Housing

Housing plans for young people 'written on napkins' by councils

A Westminster think tank wants a digital homelessness service to be introduced for young people to compensate for varying standards of housing help between councils

homelessness and Rough sleeping Alexander Baxevanis

The number of people deemed to be 'living on the streets' in London is now the highest since 2019. Image credit: Alexander Baxevanis/Flickr

Young people are facing a postcode lottery when they seek out housing support, new research has found, with the DWP’s approach to prevention slammed as merely a “box-ticking exercise”.

The report by Westminster think tank Reform showed that of the more than 100,000 16-24 year olds who went to their local housing service for help last year, basic information like date of birth was often missed – making it extremely difficult to identify vulnerable young people.

Experts blasted current homelessness legislation as “not hitting the mark”.

The quality of local housing authority plans also varied significantly between local authorities. Under the Homelessness Reduction Act 2017 (HRA), which came into force in April last year, councils have a duty to create a personalised housing plan (PHP) for anyone facing an imminent threat of homelessness.

Researchers found “huge variation” between areas in how effective PHPs were too, with “not all plans being well thought through or realistic”.

In one instance, a PHP was written on the back of a napkin.

Report co-author Dr Luke Heselwood said: “A year on, new homelessness legislation isn’t hitting the mark and too many vulnerable young people are not getting the support they desperately need.

“If ministers are serious about tackling youth homelessness then they need to provide more long-term funding and ensure all public services are engaged in prevention.”

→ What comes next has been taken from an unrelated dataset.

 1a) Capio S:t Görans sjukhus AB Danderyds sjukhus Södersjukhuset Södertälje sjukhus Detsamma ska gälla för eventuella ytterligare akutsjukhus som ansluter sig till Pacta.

Also under the HRA, public bodies like young offenders institutions, job centres and A&E departments are required to let local housing teams know if they think someone might be homeless or at risk of becoming homeless.

Reform’s analysis revealed that up to 22 per cent of young people referred in these instances were not actually homeless or at risk of it. In a quarter of local authorities, at least half of all referrals were incorrect.

And in seven per cent of cases, councils gave staff no ‘duty to refer’ training at all.

Experts are demanding services like hospitals and schools, which are likely to encounter young homeless people, to take more responsibility.

Housing benefit caps for under 35s and lower benefit rates for under 25s are making the youth homelessness crisis worse, the think tank said, and the government should review these policies urgently.

Short term grant funding has left local authorities trying to improve services “with a hand tied behind their backs”, the report showed.

The think tank wants a new digital national youth homelessness service to be introduced and made available to all young people, offering one-to-one chats and crisis messenger services, to reduce variations in service approaches between councils and ease the pressure on local housing teams.

Local Government Association housing spokesman Cllr Martin Tett said: “Behind every instance of homelessness lies an individual tragedy.

“More than 70,000 families and over 120,000 children are being housed in temporary and emergency accommodation, which is not good for them and unsustainable for councils, who are having to divert more of their funding away from preventing homelessness and towards supporting people in crisis.

“This report identifies a number of challenges for helping young people at risk of homelessness and it is crucial that government responds by adapting welfare reforms, enabling councils to build more homes, and properly funding councils to deliver services that end homelessness by preventing it happening in the first place.”